GRUPA B: ANGLIA – USA (PIĄTEK, 20:00)
Nie ma co ukrywać – najwięcej obiecujemy sobie po ostatnim meczu dnia. Anglicy weszli w turniej z drzwiami i futryną, bijąc Iran 6:2. Teraz jednak poprzeczka najprawdopodobniej pójdzie w górę, bo aż trudno uwierzyć, by Amerykanie dopuścili rywali do takiej liczby sytuacji strzeleckich.

Ekipa Stanów Zjednoczonych mundial zaczęła od remisu 1:1 z Walią, co oznacza, że teraz podopieczni Gregga Berhaltera muszą walczyć nie tylko o każdy punkt, ale również o każdą bramkę, bo potencjalnie na koniec to właśnie trafienia mogą okazać się kluczem do awansu. Przynajmniej jeśli Anglia skończy rywalizację z kompletem zwycięstw, a Iran bez punktu.

USA to młoda drużyna, która budowana jest przede wszystkim z myślą o kolejnym czempionacie globu, za niecałe 4 lata. Wtedy mundial gościć będzie w Ameryce Północnej, głównie właśnie w USA. Młodzi gniewni okrzepną, a dzisiejsze szlify będą w tym niezwykle pomocne.
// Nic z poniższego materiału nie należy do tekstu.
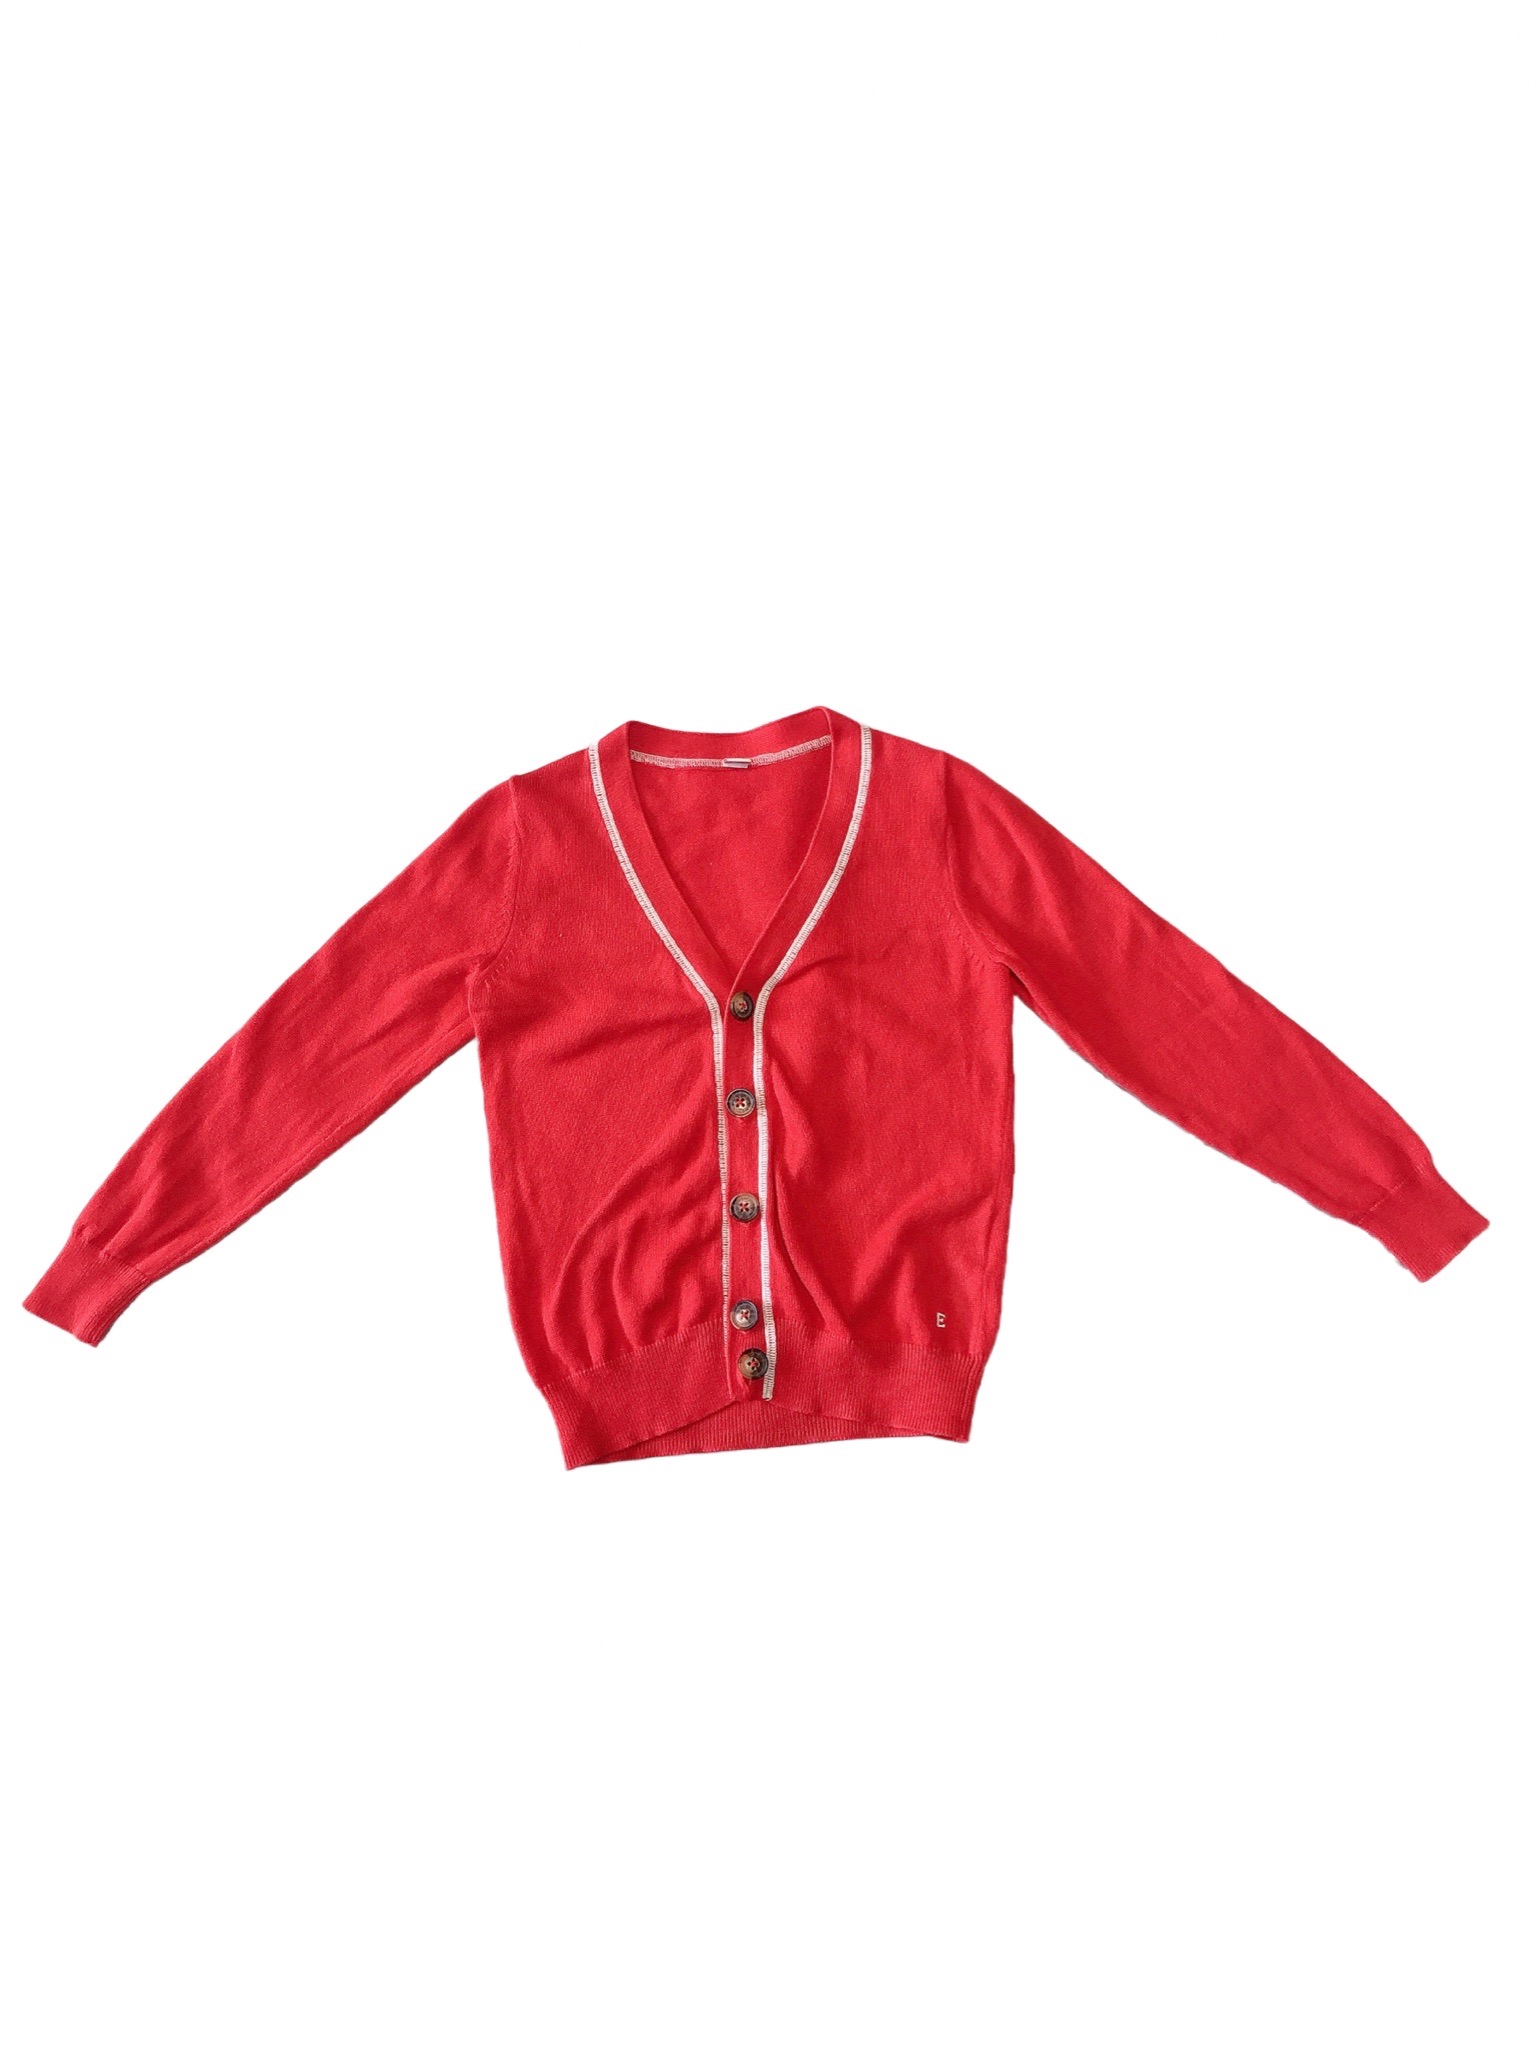 【聖誕風格】《ESPRIT》紅色針織薄長袖兒童外套(4-5Y)(110)
NT$169

Z Walia Amerykanie zaprezentowali dużo jakości, szczególnie w wygranej 1:0 pierwszej połowie. Po przerwie ich intensywność spadła, a dużo bardziej doświadczona reprezentacja Smoków doszła do głosu. Jeśli w końcówce ktoś był bliżej przechylenia szali zwycięstwa na swoją stronę, to byli to Walijczycy.

Dla Anglii faza grupowa to tylko półśrodki. Poza 4. miejscu w Rosji i przegranym finale ostatniego Euro apetyty są ogromne, a jeśli Gareth Southgate ma taki luksus, że może nie wziąć na turniej Jadona Sancho, to trudno nie oczekiwać od Lwów Albionu wielkich rzeczy.

Mimo szóstki wbitej Iranowi na swojego premierowego gola na tym mundialu czeka król strzelców poprzedniego – Harry Kane. Gwiazda Tottenhamu będzie więc dziś zmotywowana by rozwiązać kolejny worek. Po drugiej stronie również nie brakuje fascynujących piłkarzy, a Christian Pulisic, grający na co dzień w Chelsea, doskonale zna większość reprezentantów Anglii. Z kilkoma z nich dzieli szatnię. W Premier League gra również Tyler Adams – kluczowy gracz środkowej linii USA, zawodnik Leeds.